29 Kasım 2012 Perşembe

MEVLANA VE HİZMET VE HEDİYE

Bir gece pervanenin evinde büyük bir sema vardı.
Bilginler, şeyh ve sultanın emirleri oradaydılar.

Mevlana Hazretleri, gece yarısına kadar sema a dalmıştı.
Muineddin Pervane, Hatir’in oğlu Şerefeddin’in kulağına “ Hüdevendiğar’a bir an dikkat et de büyüklere hizmette bulunabilmem için azıcık uyuyup kuvvetleneyim “ dedi.

Mevlana, derhal, feleklerin bile hayran kaldığı bir dönme esnasında şu gazele başladı.

ŞİİR:

“ Ey can!
Bir gece uyumasan ve hicranın (ayrılık) kapısını çalmasan ne olur?
Dostların hatırı için bir gece sabahlasan ne olur?

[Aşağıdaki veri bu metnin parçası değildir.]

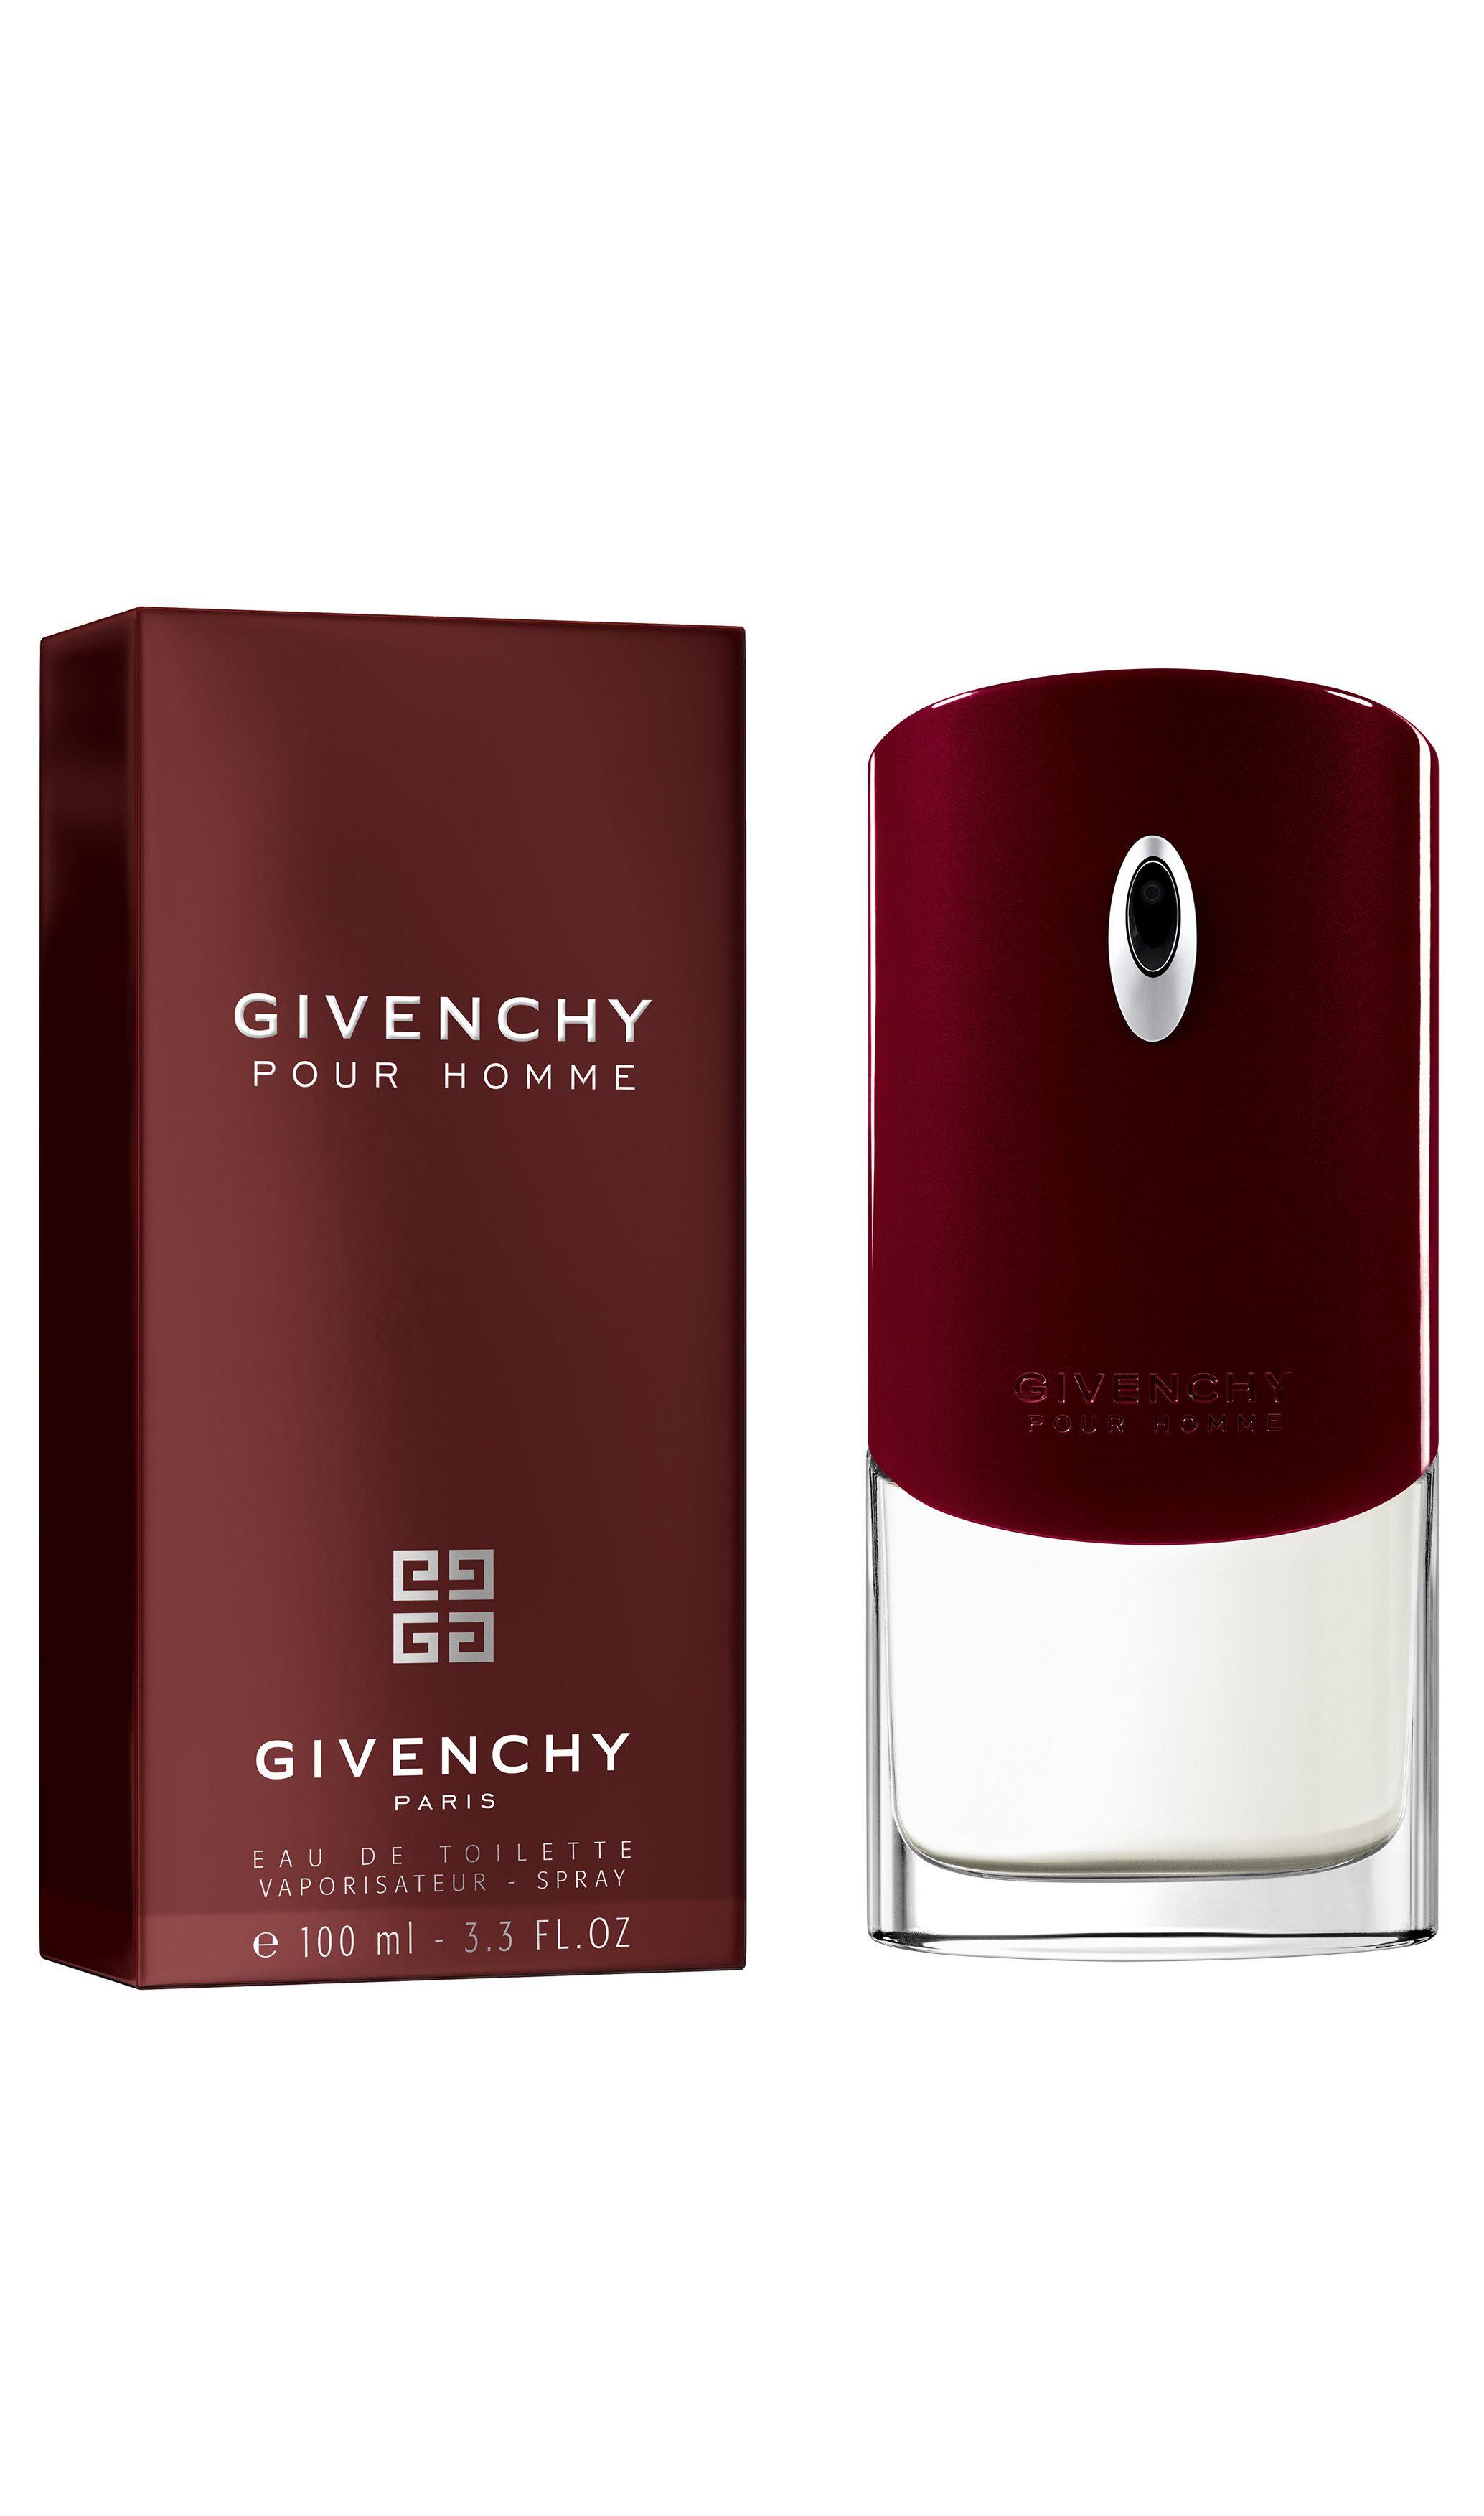 ca54f0103618b L Eau de Toilette Givenchy pour Homme  Givenchy  packshot  parfum  fragrance   homme  man  eaudetoilette  photo  studiophoto  luxe

Süleyman, “ Karınca, Süleyman olsun “ diye karıncaların tarafına gelirse ne olur?
“ İki göz, seninle aydınlansa, şeytanın gözünün körlüğü ne olur? “

Bunun üzerine Pervane, hemen elbiselerini yırtıp yerde yuvarlandı ve hayli yalvarıp yakardı.
Çünkü Pervane’nin adı Süleyman’dı.

Böylece zavallı Pervane, o, sultanın, Süleymanlığının yüceliği karşısında şaşa kaldı.
Karınca gibi ihlâs kemerini (gönülden gelen sevgi ile bağlanarak, candan hizmet etme) can beline bağlayarak gerçek sabah oluncaya kadar tam bir doğrulukla türlü hizmetlerde ve kullukta bulundu.

***
ARİFLERİN MENKIBELERİ ŞARK İSLAM KLASİKLERİ 29 AHMET EFLAKİ M.E.B. YAY. 489
***
Neler öğrendik.
1. Büyükler bizim tarafımıza gelirse hiç uyumadan tam bir doğruluk ve samimiyetle hizmet etmemiz gerektiğini öğrendik.
2. Büyüğün yanından bahane bulup ayrılmamamız gerektiğini öğrendik.
3. Aydınlanmamız ve başkasını aydınlatmamız gerektiğini öğrendik.
4. Bir karıncayı bile Süleyman (kıymetli) hale getiren birinin gizlice bize sunacağı gizli armağanı almadan hizmetten ayrılmamamız gerektiğini öğrendik.

İşte böyle yaren,

Veliler sema ederken bir bakışıyla, bir sözüyle anlatılamaz ve açıklanamaz bir şekilde armağanını hedeflenen kişinin hizmette, bağlı ve samimiyetinden emin olunca onun kalbine verir.

Bu hediye o an görülmez ve anlaşılmaz ama sonraları eserleri parıldar.